Before Oddbins and Majestic Wine there was Peter Dominic wine merchants, offering a range from the petillant Portugese favoured by students to stuff that was distinctly a grade above.
I don't know whether I was lucky or whether they had enthusiasts as managers in all their shops, but I learnt a great deal from these gentlemen....the best lesson being to trust your own judgement.
Father had a fondness for Nuits St. George which he bought through The Wine Society and had a nasty shock when he bought a bottle elsewhere...it was coarse and heavy, the colour staining the glass.
Yes, said the Peter Dominic manager when I told him. No surprise at all. They're cutting it with the Red Infuriator...stuff from Algeria.
They're all at it.... coarse stuff from the Languedoc to stretch the Rhones, better stuff from the Rhone bolstering the Bordeaux.
Never trust a label. Trust your own judgement. If you think it's foul...it is.
As I was to learn when moving to France years later, nothing much had changed, nor has it to this day, but at that point it hadn't crossed my mind to move to France, nor had it crossed the mind of a devotee of Chambery vermouth and Pouilly Fume that I would like a dessert wine when the manager of the branch I then frequented produced a bottle from the fridge.
Go on...you'll be surprised.
I was... it made me think of honey and orange, it sent wonderful smells up my nose and it was anything but heavy. I hadn't tasted anything like it.
Moulin Touchais. Coteaux du Layon. Twenty years old.
I bought what they had until the branch closed and my Moulin Touchais was no more.
And then one day I moved to France.
I looked in various areas: Brittany, the Limousin, the Charente and, not finding what I wanted, moved on to the Loire Valley.
In hindsight it is clear that the other areas did not come up to the mark because my unconscious mark was the Loire Valley itself!
I saw all sorts, then found an estate agent whose method was to allow you to look through files of houses printed in black on coarse yellow paper, pick what you wanted and then send you off with keys...where they existed....and general directions, broad finger on the map...we are here and the enemy is there.
Just the style I loved. Thanks to him I was off the beaten track, getting to grips with what was behind the tourist facade.

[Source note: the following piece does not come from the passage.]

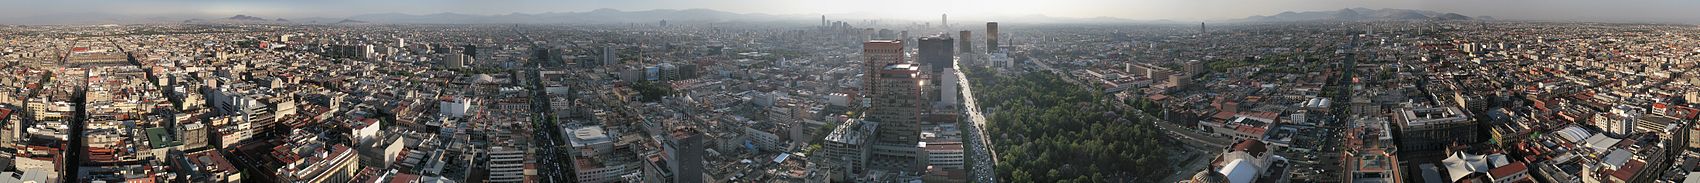 360° Panoramaansicht von Mexico City, gesehen von der Aussichtsplattform. Links der Zócalo in der historischen Altstadt, in der Bildmitte der Torre Mayor, im Vordergrund das Außenministerium und die Alameda.

I was frequently lost and on one occasion pulled up on a hillside..... a stumpy stone building on the hill above, vines below and a river running at the bottom....the River Layon, upon whose Coteaux I was sitting.
Though I did not buy a house in the Layon area, I used to frequent it....buying wine, visiting friends....and grew to love its quiet beauty.
Downstream was Clere sur Layon, nestling in the valley among its vines, its roads made perilous by the lorries running to and fro the vast quarries behind the village, the drivers on piece work and stopping for nobody.
Downstream again to Nueil sur Layon....for the annual horse racing up at the Chateau de Grise before it was sold to the Japanese who stripped it of all its staircases, fireplaces and ornamental detail and sold it on again to be a hotel. The project failed...and such was the low price put upon it by Credit Agricole that I thought of trying to raise the money.....but of course, Credit Agricole had a purchaser all ready...a local bigwig given a present on a plate.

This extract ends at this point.